Exercise instructions:
Without any of the pictures, set down the data below exactly.

Input data:
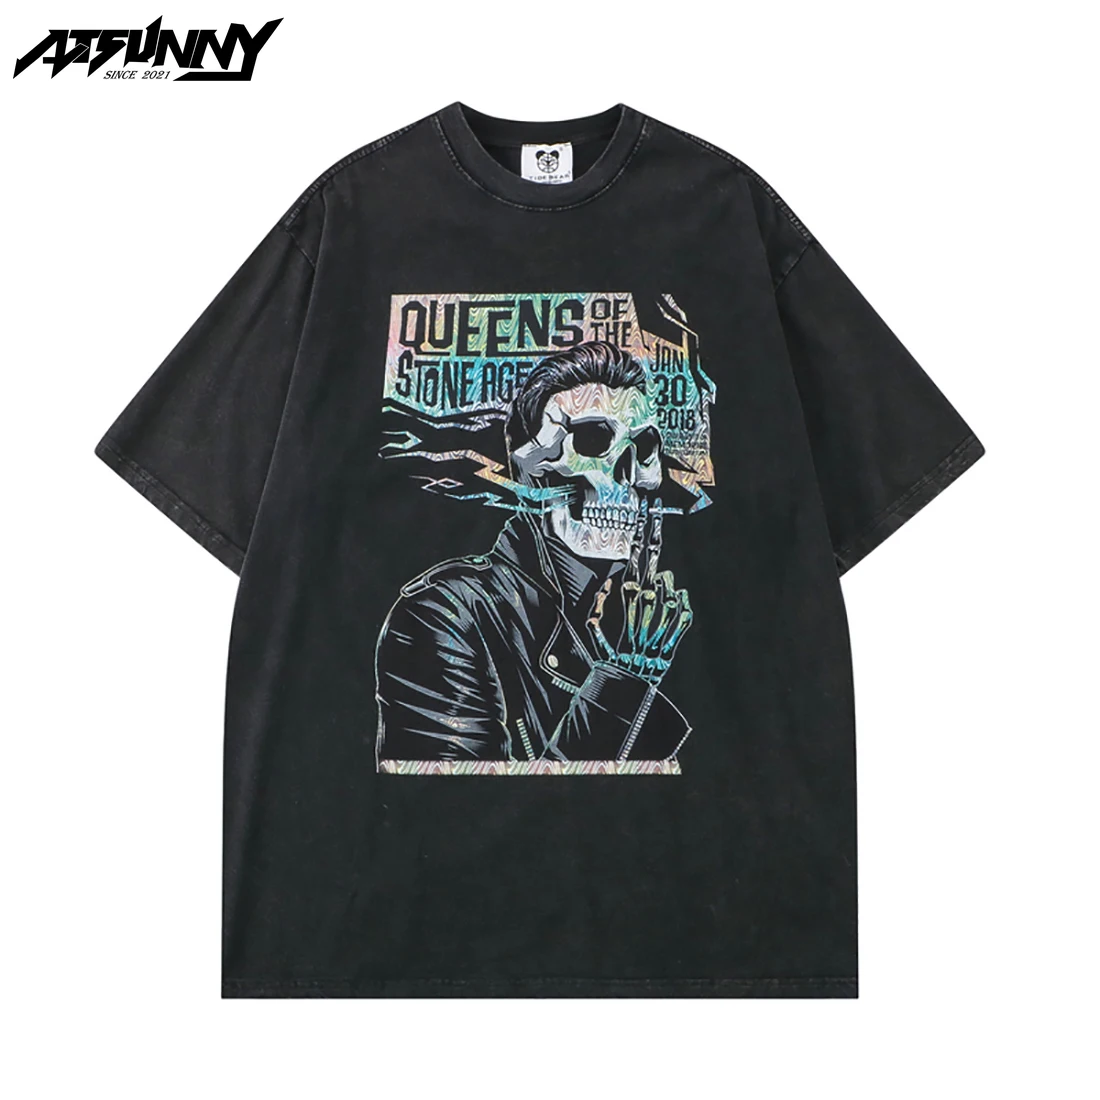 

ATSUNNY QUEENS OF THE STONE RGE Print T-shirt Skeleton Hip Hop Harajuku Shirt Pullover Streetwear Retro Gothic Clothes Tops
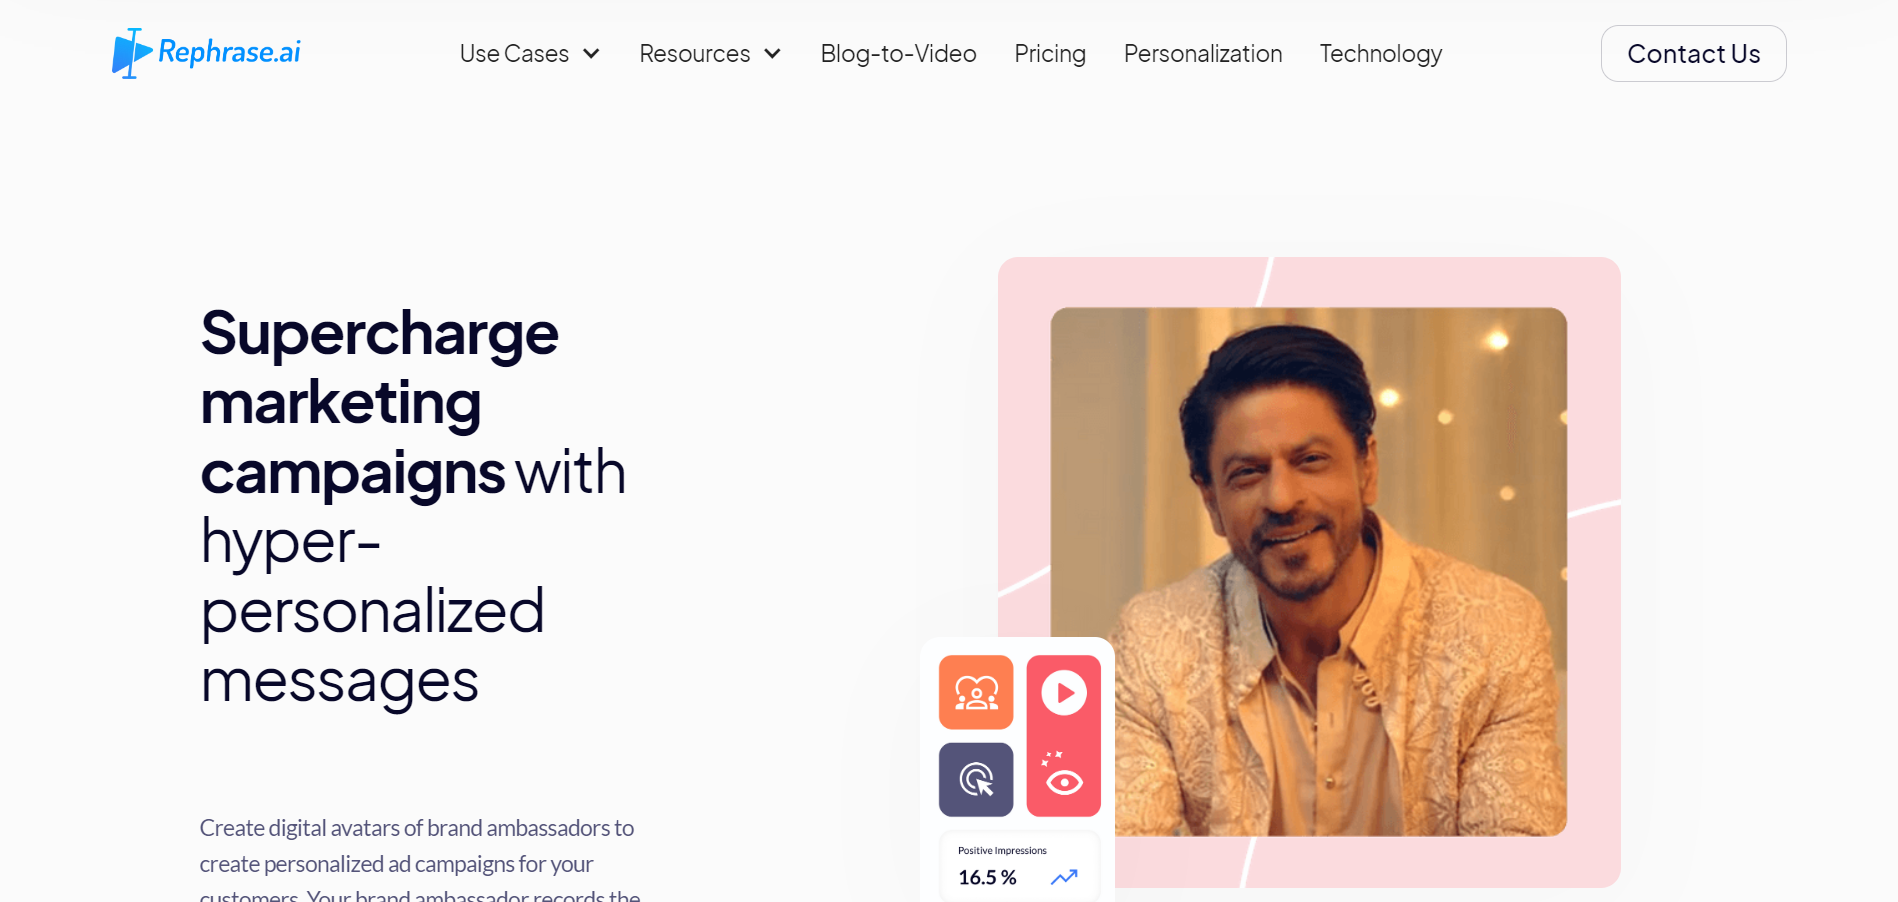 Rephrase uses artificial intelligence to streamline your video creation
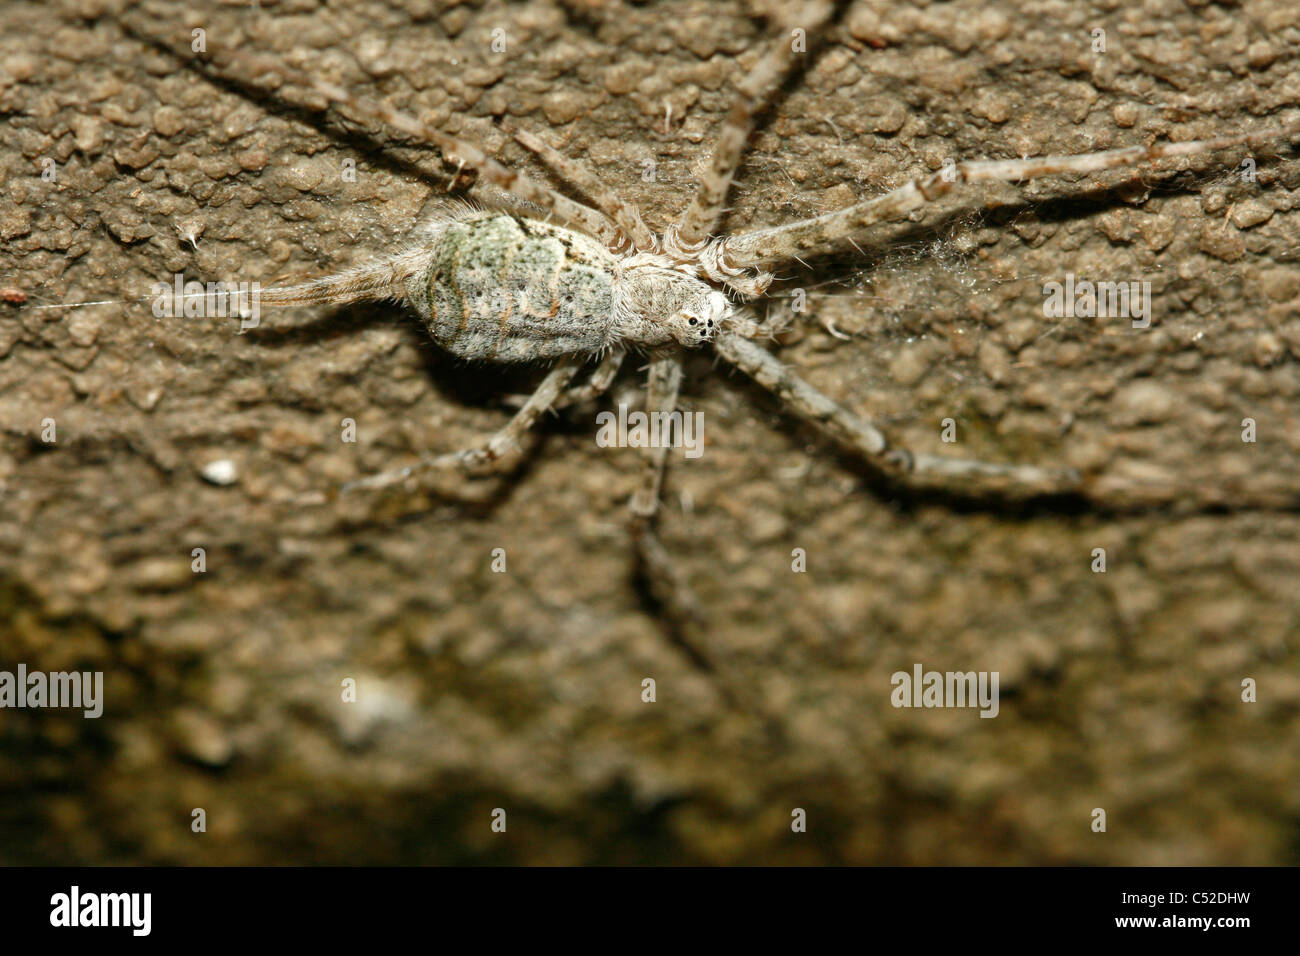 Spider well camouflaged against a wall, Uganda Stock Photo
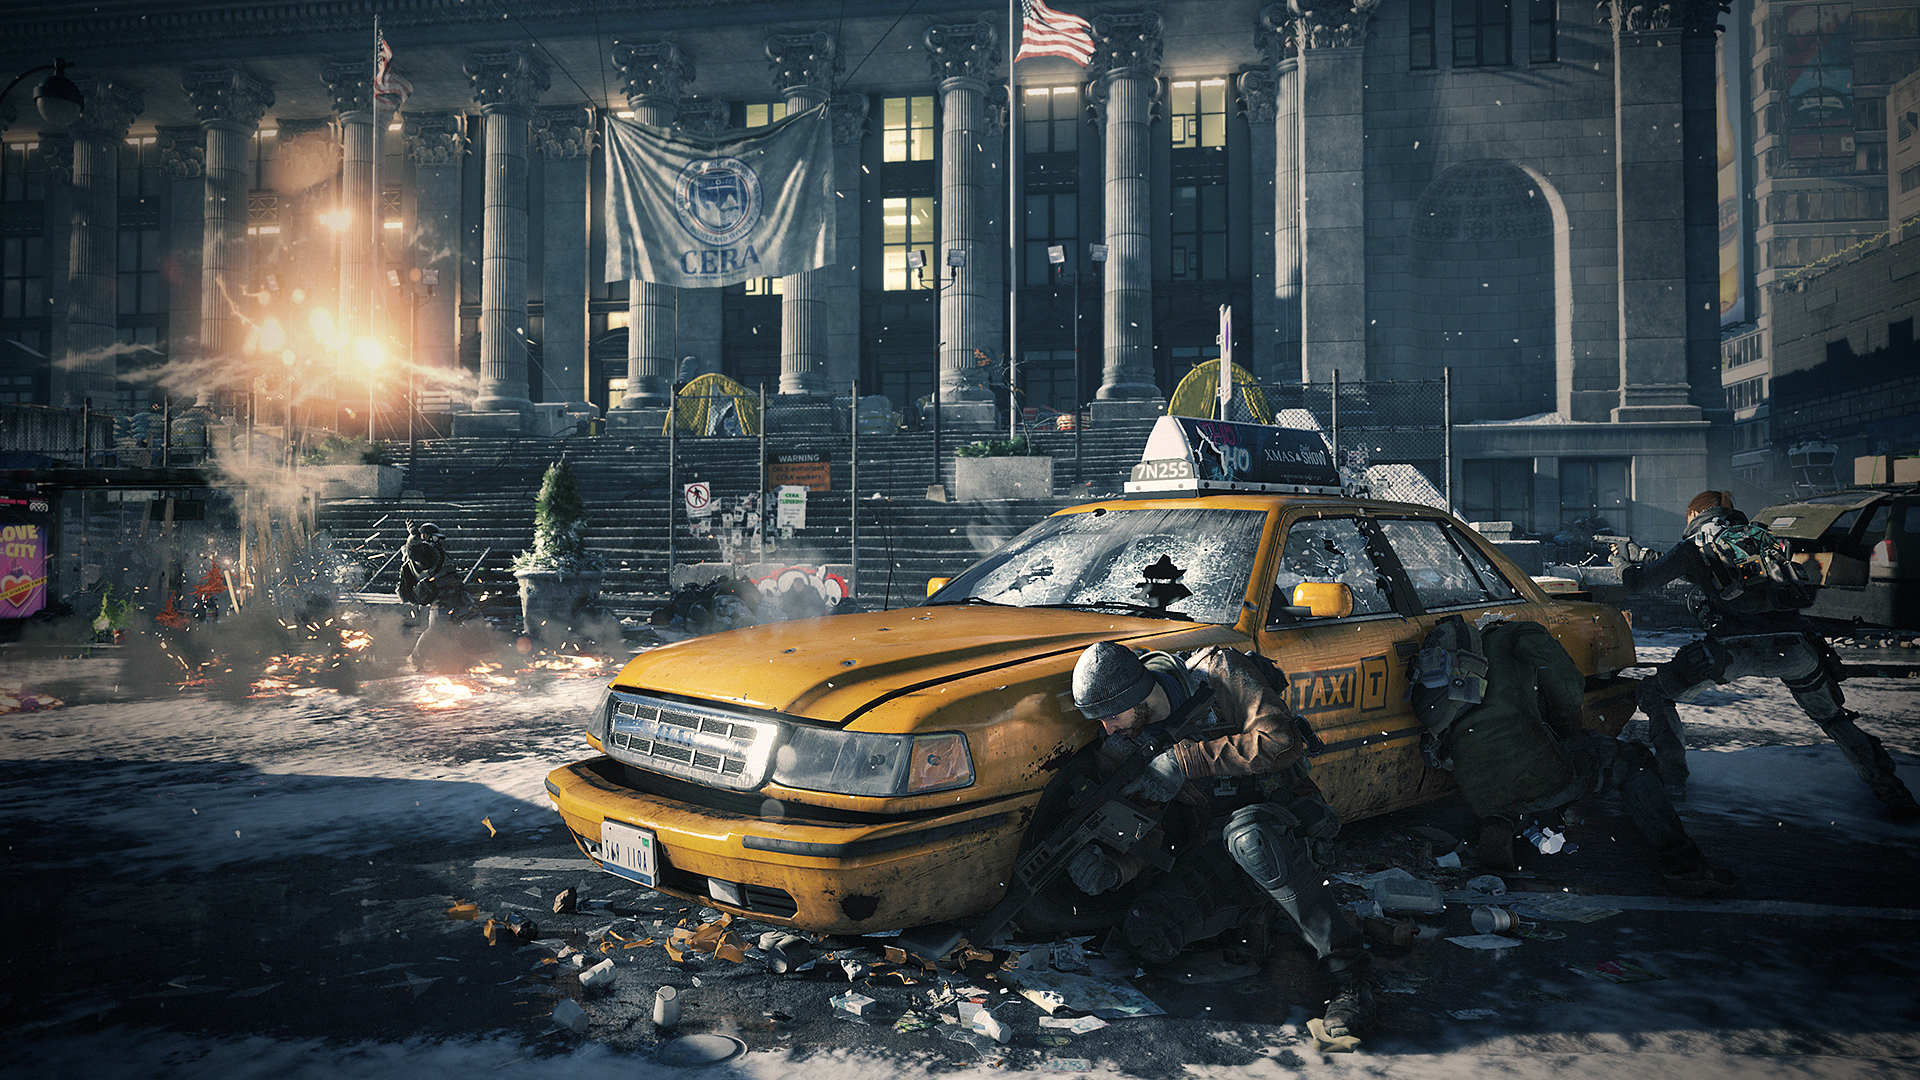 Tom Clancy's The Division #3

Reply:
ATSUNNY QUEENS OF THE STONE RGE Print T-shirt Skeleton Hip Hop Harajuku Shirt Pullover Streetwear Retro Gothic Clothes Tops
 Rephrase uses artificial intelligence to streamline your video creation
 Spider well camouflaged against a wall, Uganda Stock Photo
 Tom Clancy's The Division #3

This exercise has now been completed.